Would this work efficiently or would there be an issue using different gruppos on for diff components?


----------



## mohair_chair (Oct 3, 2002)

Yes. Many people do this.


----------



## lawrence (May 17, 2005)

Not only was Mohair correct saying people do it all the time but bike manufacturers do it all the time. Many times you'll get 105 shifters with Ultegra derailleurs as a partial step up or Ultegra shifters with Dura Ace derailleurs. Normally it's done with rear derailleurs, not front derailleurs because they get less use than the rear.

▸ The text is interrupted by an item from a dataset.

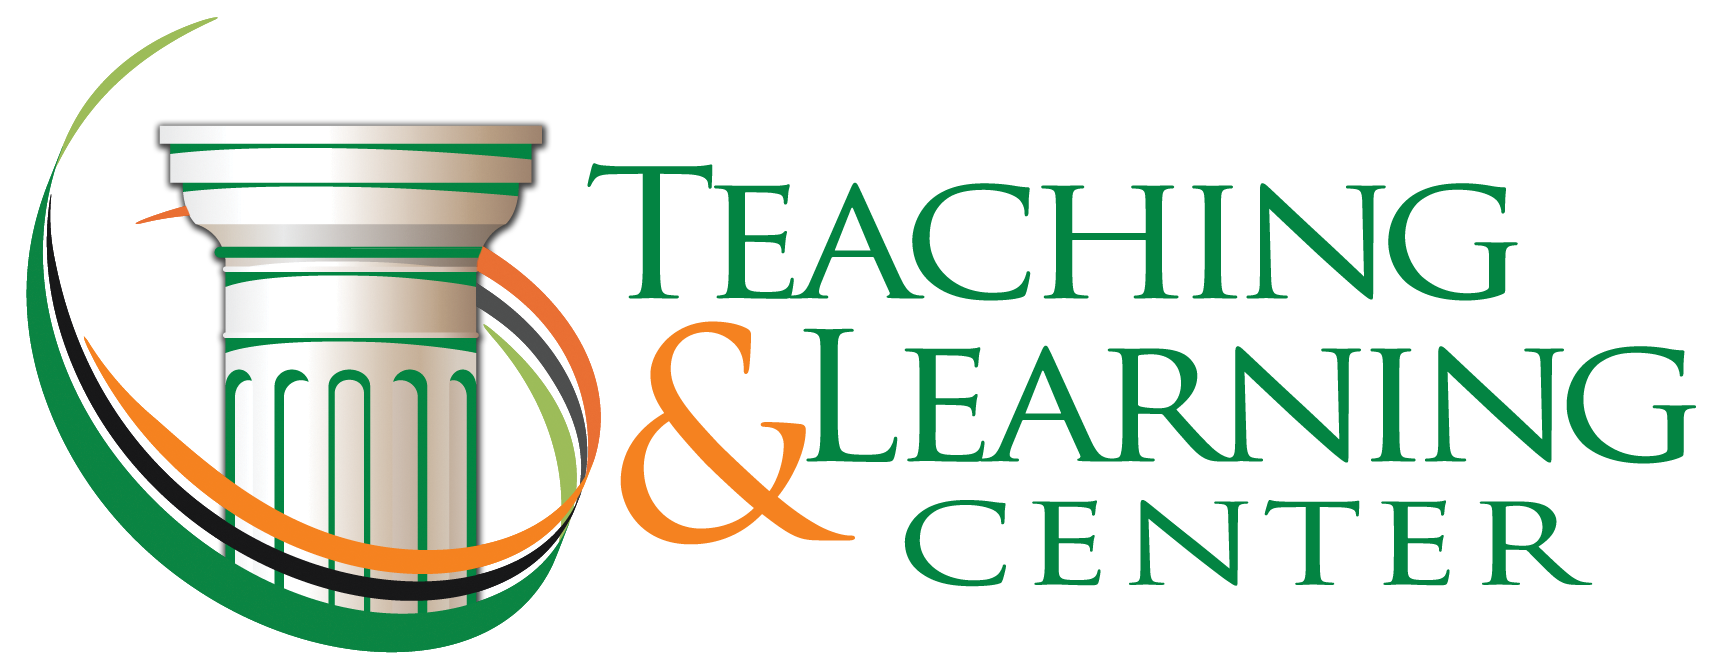 teach clipart teacher center

It's mostly commonly done with the rear derailleur because it's an inexpensive upgrade compared to the shifters which are expensive.

Better components shift better/smoother and last longer.


----------



## RyanM (Jul 15, 2008)

cool. thanks for the info


----------



## MarvinK (Feb 12, 2002)

Yep--it's pretty straight-forward if you're talking about the same speed and generation, but it gets complicated if you mix/match certain 9 & 10speed parts... and the 2009 Dura Ace has compatibility issues.


----------



## vitin (Feb 19, 2002)

MarvinK said:


> Yep--it's pretty straight-forward if you're talking about the same speed and generation, but it gets complicated if you mix/match certain 9 & 10speed parts... and the 2009 Dura Ace has compatibility issues.


work fine


----------



## eddymerckx#1 (Aug 5, 2005)

I do on a couple bikes no problem


----------